Nach dem Wasserhaushaltsgesetzes (WHG) sind Gewässer "als Bestandteil des Naturhaushaltes und als Lebensraum für Tiere und Pflanzen zu sichern". Ein Fließgewässer ist eine funktionelle und ökologische Einheit und besteht aus dem Bach selbst, dem Bachbett, dem amphibischen Bereich mit den Ufern und der Tal- bzw. Bachaue.
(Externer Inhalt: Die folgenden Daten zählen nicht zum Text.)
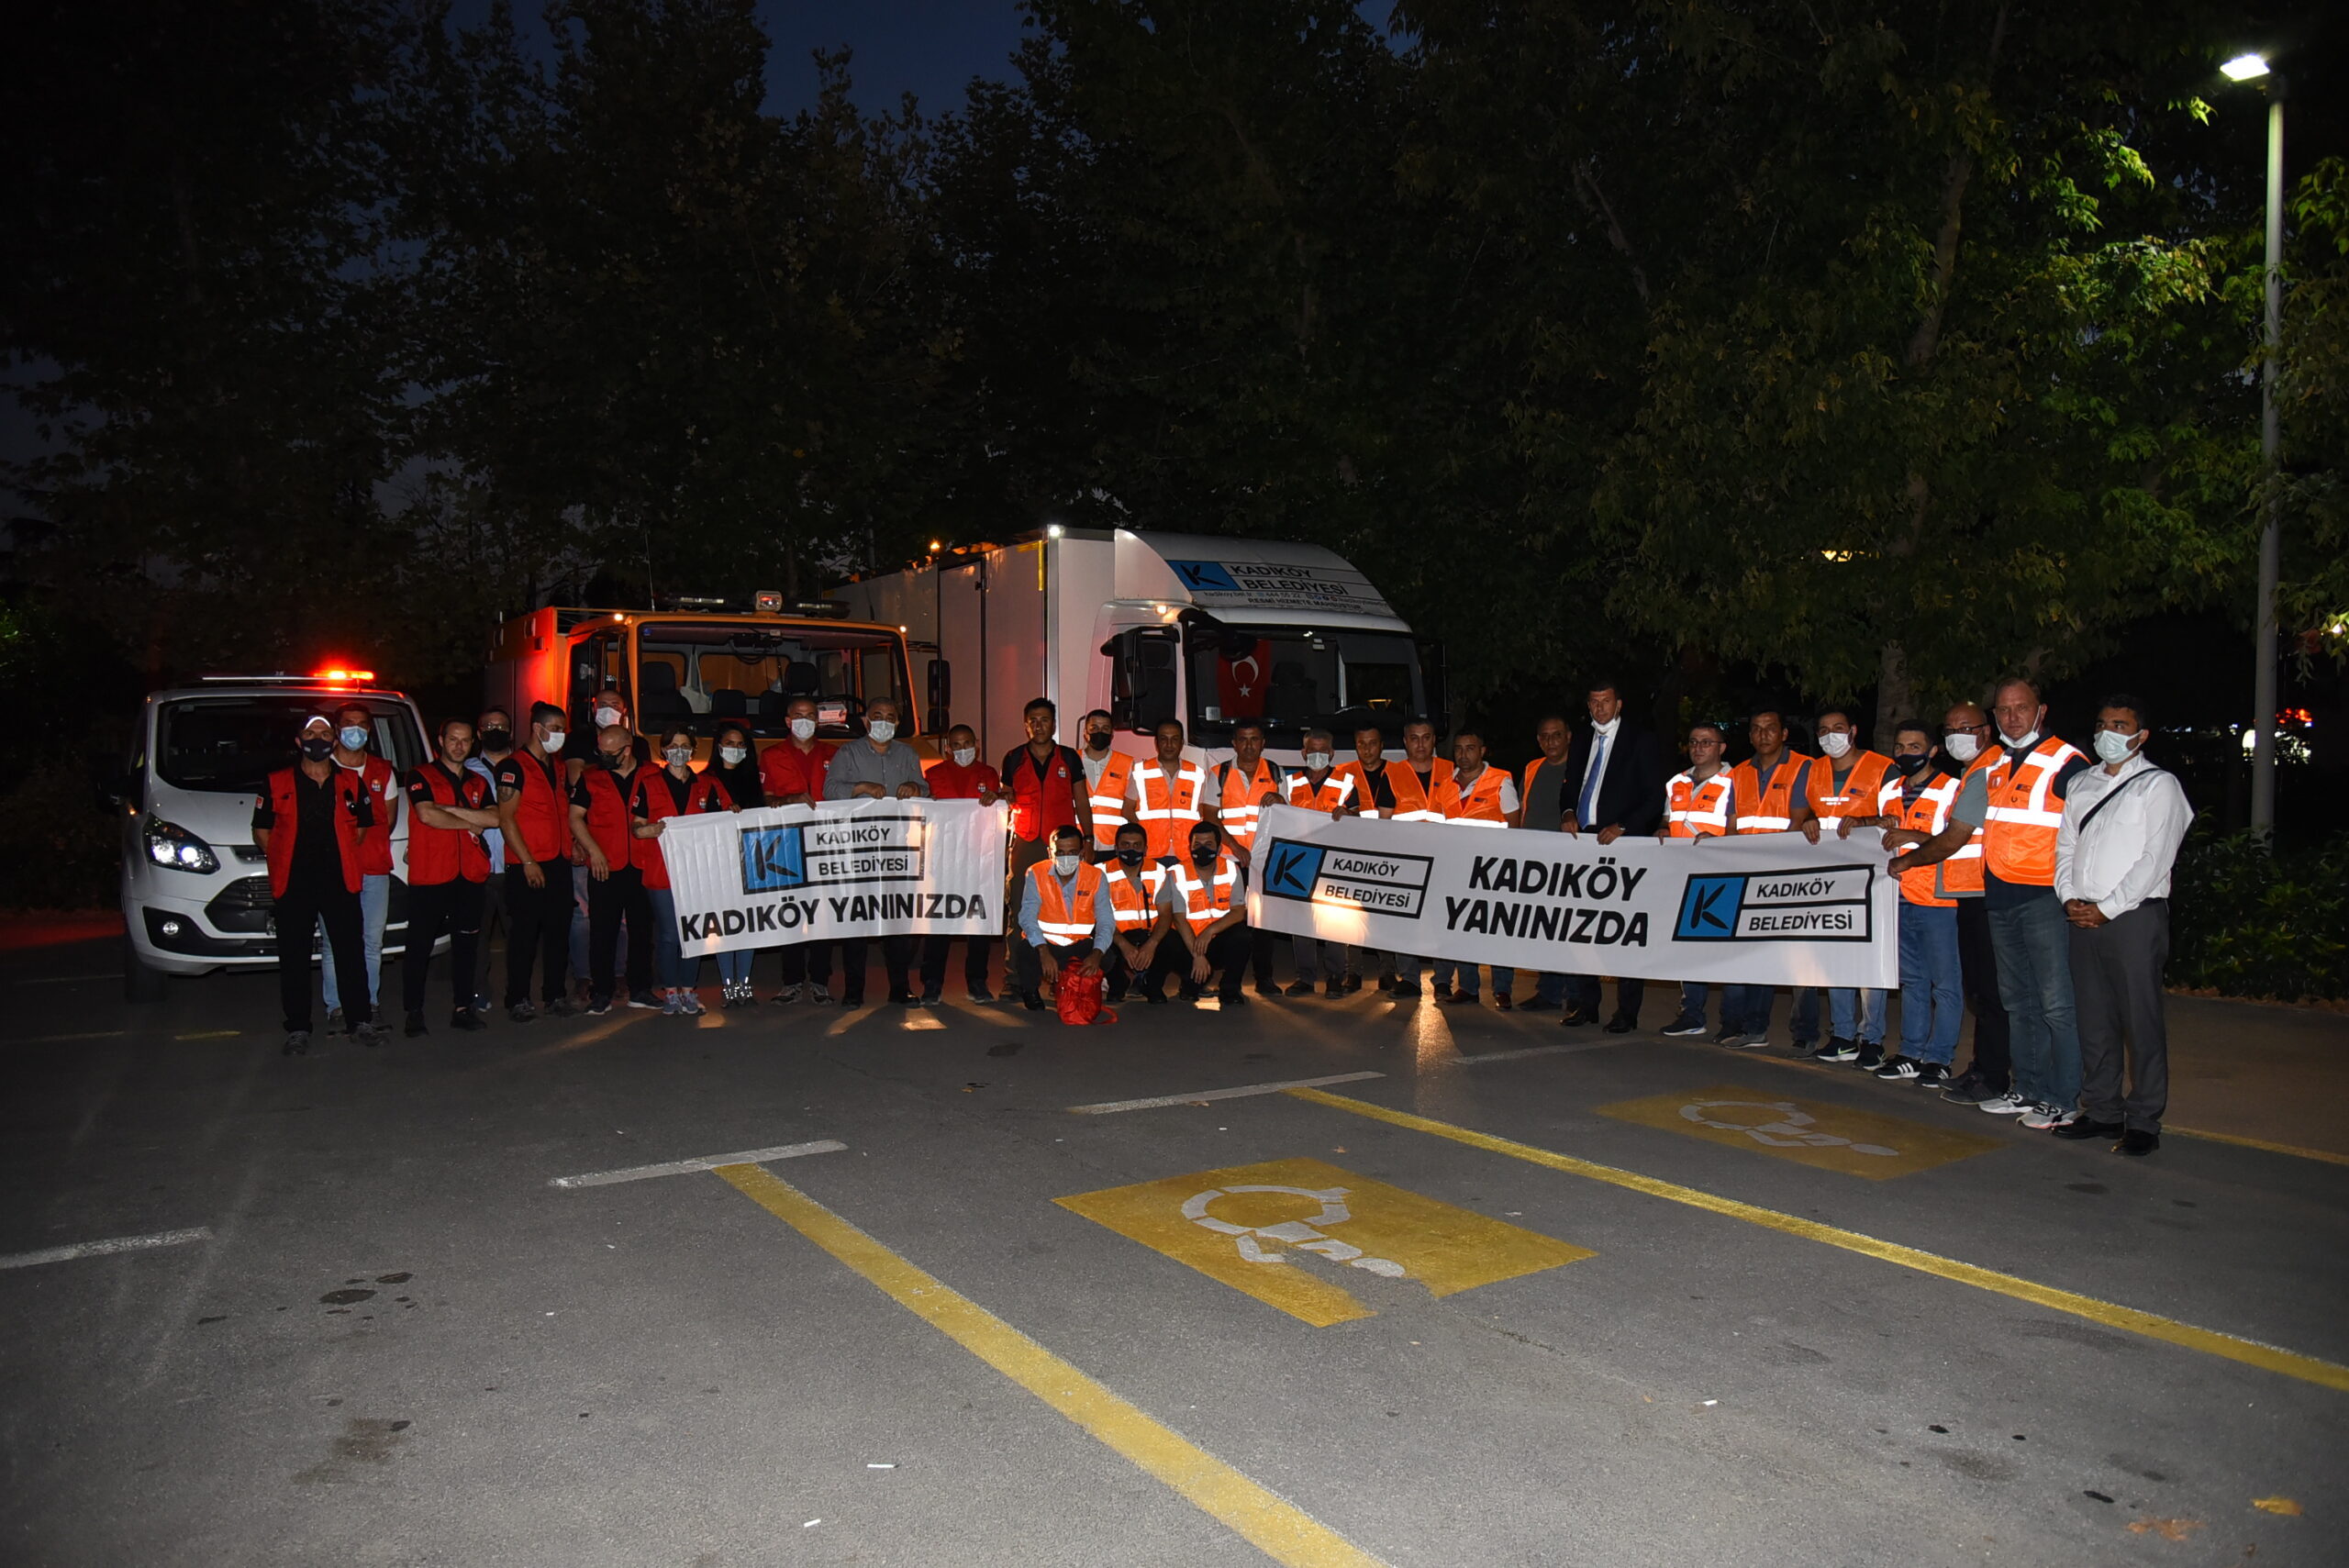  Kadıköy Belediyesi’nden Manavgat ve Marmaris’e Destek

Bäche und Flüsse sammeln den ihnen zufließenden Niederschlag und leiten ihn letztendlich zum Meer ab. Hierbei ist zu beachten, dass es sowohl oberirdische, als auch unterirdische Einzugsgebiete eines Gewässers gibt.


 

Überschwemmungsgebiete sind Bereiche, die bei Starkregenereignissen (Hochwasser) überschwemmt werden. Sie dienen hydraulisch gesehen der Reduzierung der Hochwasserspitze. Außerdem bilden sie Freiräume für die natürliche Entwicklung der Gewässer. Einengungen und Verbauungen im Überschwemmungsgebiet können zu erheblichen Beeinträchtigungen des Hochwasserabflusses führen. Betroffen davon sind gegenüber liegende Grundstücke und besonders die Unterlieger. In Überschwemmungsgebieten gelten deshalb Verbote, die im Hessischen Wassergesetz aufgeführt sind.